By clicking “Sign up for GitHub”, you agree to our terms of service and privacy statement. We’ll occasionally send you account related emails.

Already on GitHub? Sign in to your account

Import-Package: org.junit.vintage.engine does not work #574

Closed
cdietrich opened this issue Apr 13, 2023 · 21 comments
Closed

Import-Package: org.junit.vintage.engine does not work #574

cdietrich opened this issue Apr 13, 2023 · 21 comments

Comments

@cdietrich
Copy link
Contributor

cdietrich commented Apr 13, 2023

Import-Package: org.junit.vintage.engine does not work
(although the dialog proposes it)

what could be the problem?

Bildschirmfoto 2023-04-13 um 14 33 42

Bildschirmfoto 2023-04-13 um 14 35 32

@iloveeclipse
Copy link
Member

I've just created default plugin project with wizard and got this resolved without issues:

Manifest-Version: 1.0
Bundle-ManifestVersion: 2
Bundle-Name: AAA
Bundle-SymbolicName: AAA
Bundle-Version: 1.0.0.qualifier
Require-Bundle: junit-vintage-engine;bundle-version="5.9.2"
Automatic-Module-Name: AAA
Bundle-RequiredExecutionEnvironment: JavaSE-17

However I use full / latest SDK nightly build as running platform. Not sure which Eclipse version you have and which target platfrom you use.

@cdietrich
Copy link
Contributor Author

cdietrich commented Apr 13, 2023

i see the problem in 2023-03 (dsl package) with 2023-03 as target platform. (aka no explicit target set)
will test with m1 once it is out

@LorenzoBettini
Copy link

I've just created default plugin project with wizard and got this resolved without issues:

Manifest-Version: 1.0
Bundle-ManifestVersion: 2
Bundle-Name: AAA
Bundle-SymbolicName: AAA
Bundle-Version: 1.0.0.qualifier
Require-Bundle: junit-vintage-engine;bundle-version="5.9.2"
Automatic-Module-Name: AAA
Bundle-RequiredExecutionEnvironment: JavaSE-17

However I use full / latest SDK nightly build as running platform.
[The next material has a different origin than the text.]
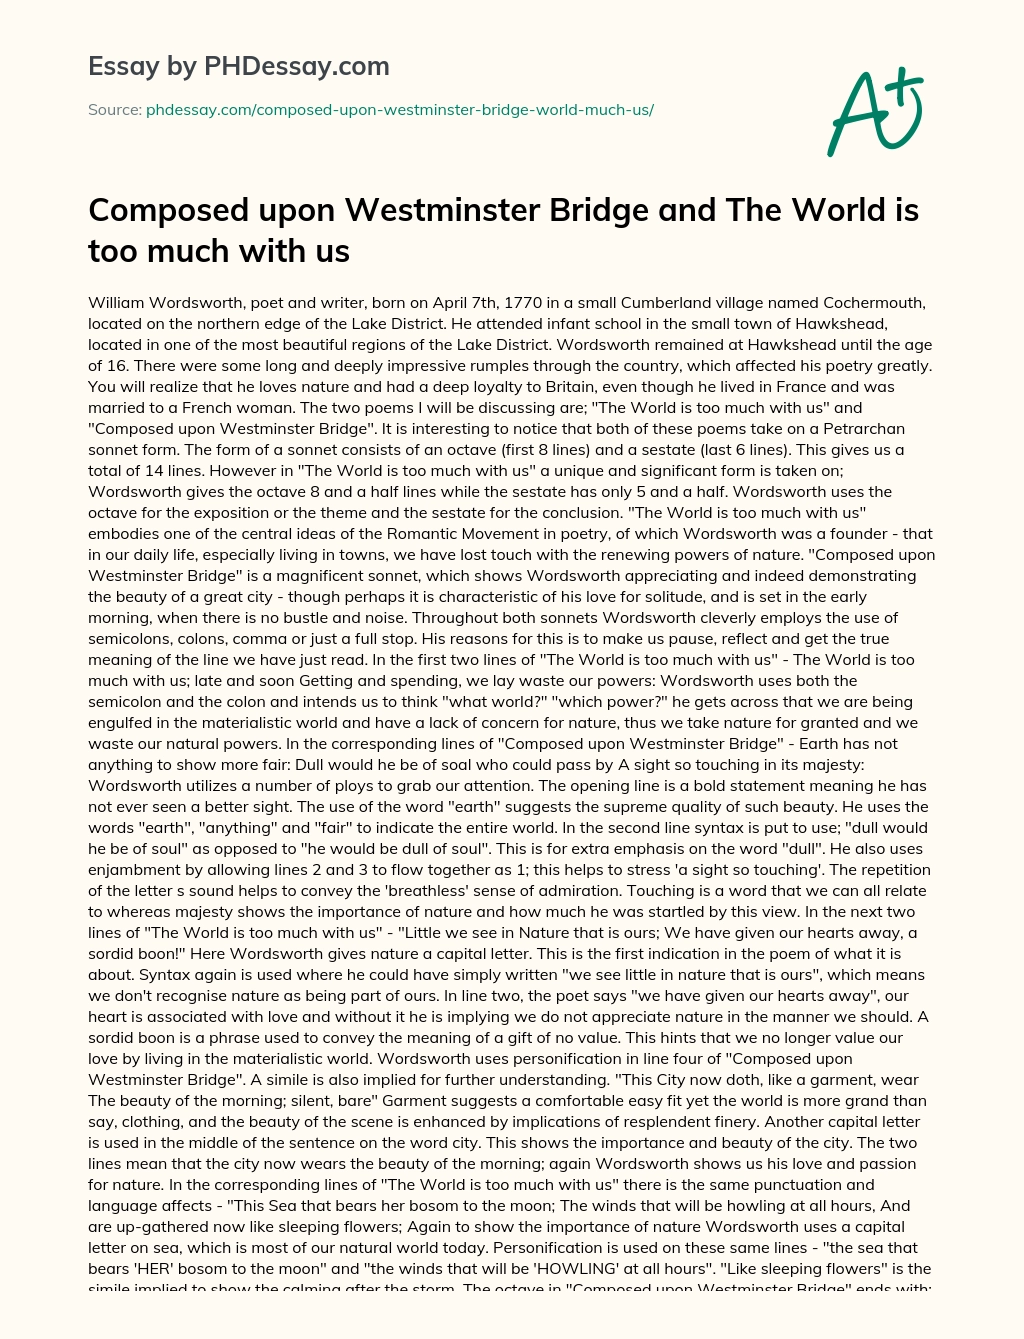 Composed upon Westminster Bridge and The World is too much with us essay
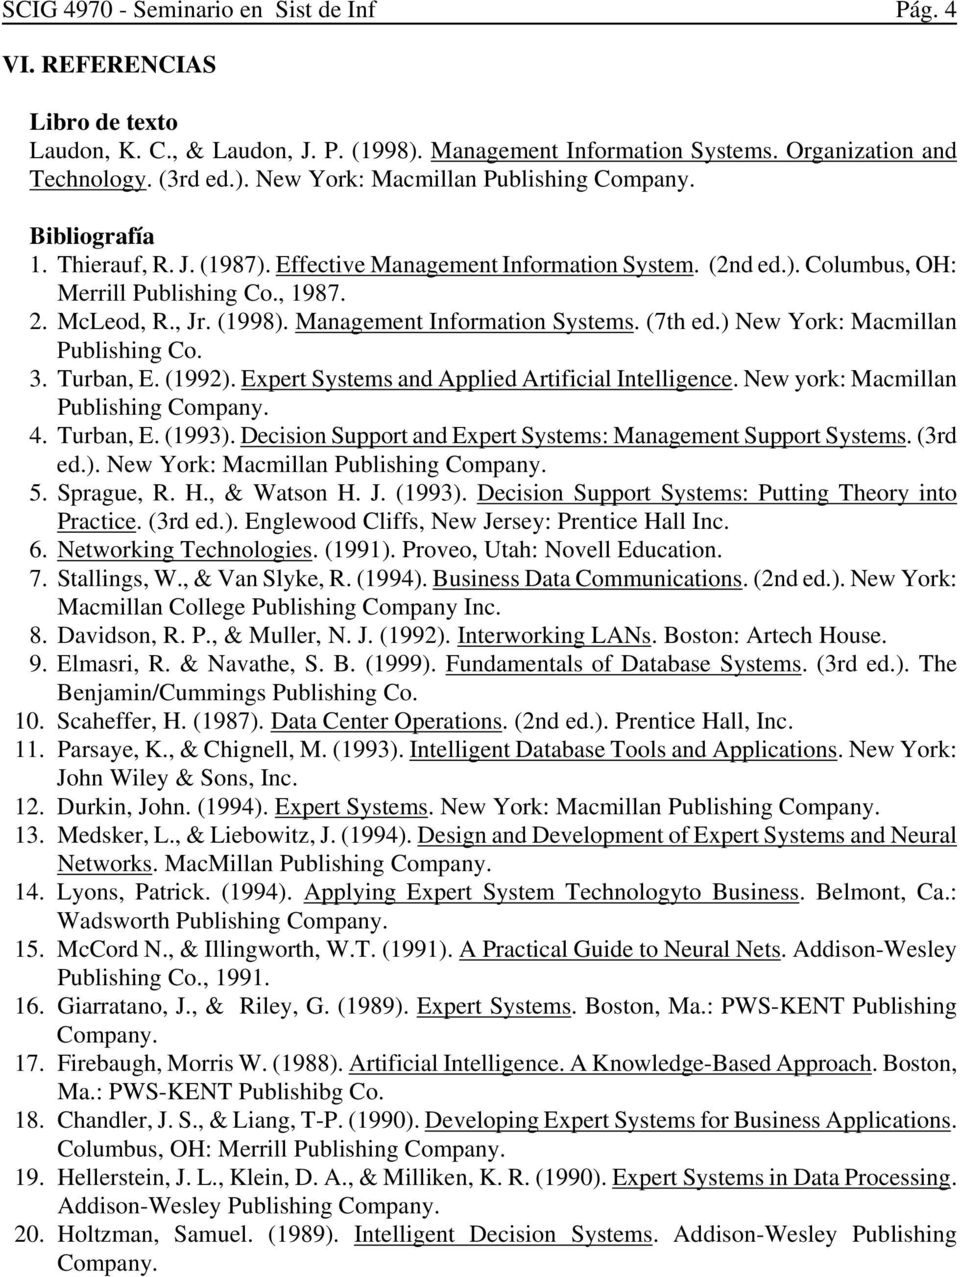 (7th ed.) New York: Macmillan Publishing Co. 3. Turban, E. (1992). Expert Systems and Applied Artificial Intelligence. New york: Macmillan Publishing Company. 4. Turban, E. (1993).

Not sure which Eclipse version you have and which target platfrom you use.

That's a required bundle, though: in our case it's an imported package.

@cdietrich
Copy link
Contributor Author

yes require bundle works perfectly fine
but the bundle name is not stable
for the "platform consuming maven thing" accross platform versions

@iloveeclipse
Copy link
Member

If someone would have provided the manifest as a text, I would not made the mistake to import bundle :-)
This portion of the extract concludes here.